Since PPCM manifests as idiopathic heart failure in the peripartum period, we expected that a certain proportion of PPCM might be coded as PPHF, particularly early in the study period (before the advent of echocardiography). We did indeed observe strong time trends, with higher incidences of PPCM later in the study period and of PPHF in earlier years. For most affected women, PPCM and PPHF were diagnosed in either the last month of pregnancy or the first month after delivery, suggesting a great deal of overlap in the conditions, and not unexpectedly, HDP, severe preeclampsia in particular, was also associated with large increases in PPHF risk.
Conclusion
Although the majority of PPCM occurred in women with normotensive pregnancies, HDP were associated with markedly increased risks of PPCM that increased with HDP severity.
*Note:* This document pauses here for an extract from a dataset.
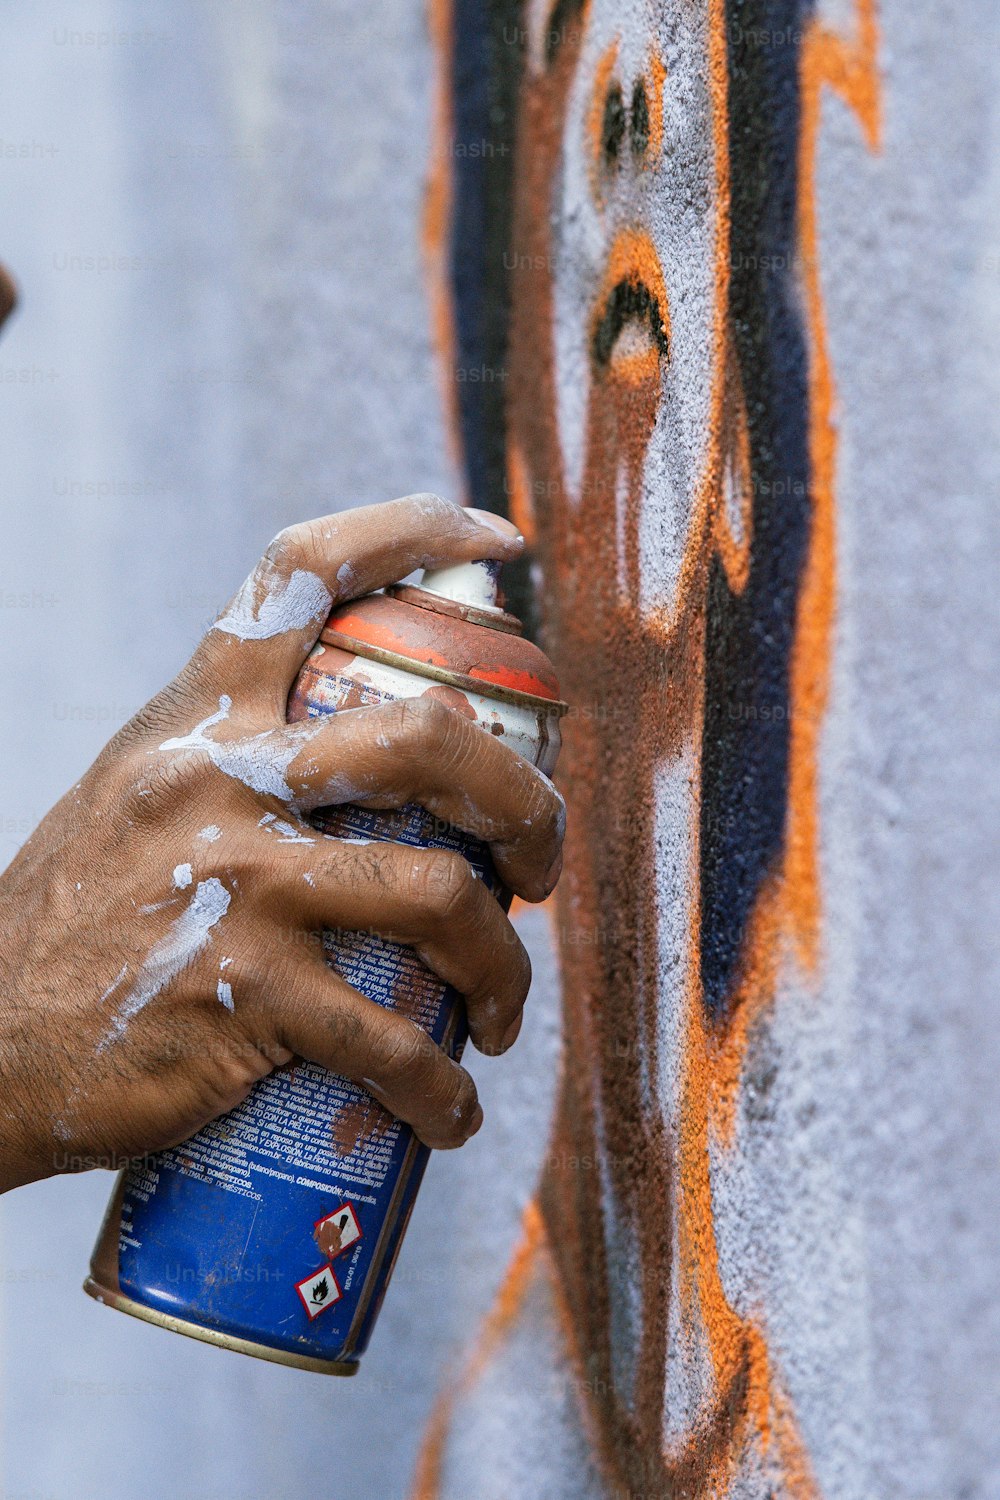 Eine Person, die eine Wand mit Graffiti besprüht

The associations were robust to adjustment for other risk factors for PPCM. The heart’s capacity to adapt to a normal pregnancy may be exceeded in some women already susceptible to cardiac insult, contributing to PPCM. HDP, severe preeclampsia in particular, probably represents an additional cardiac stressor during pregnancy.
Supporting information
Data Availability
This study is based on Danish national register data. These data belong not to the authors but to the Danish Ministry of Health, and the authors are not permitted to release them, except in aggregate (as, for example, in a publication). However, interested parties can obtain the data on which this study was based by submitting a research protocol to the Danish Data Protection Agency (Datatilsynet). The Danish Data Protection Agency can be contacted through their website, the English version of which can be found at www.datatilsynet.dk/english/contact-us, or by sending an email to dt@datatilsynet.dk. Once Data Protection Agency permission has been received, interested parties can apply to the Ministry of Health's Research Service (Forskerservice) at forskerservice@sundhedsdata.dk.
Funding Statement
This work was supported by the Danish Heart Foundation [grant number R90-A3900 to IB] and the Danish Council for Independent Research [grant number DFF-4092-00213 to HAB]. The funders had no role in study design, data Collection and analysis, decision to publish, or preparation of the manuscript.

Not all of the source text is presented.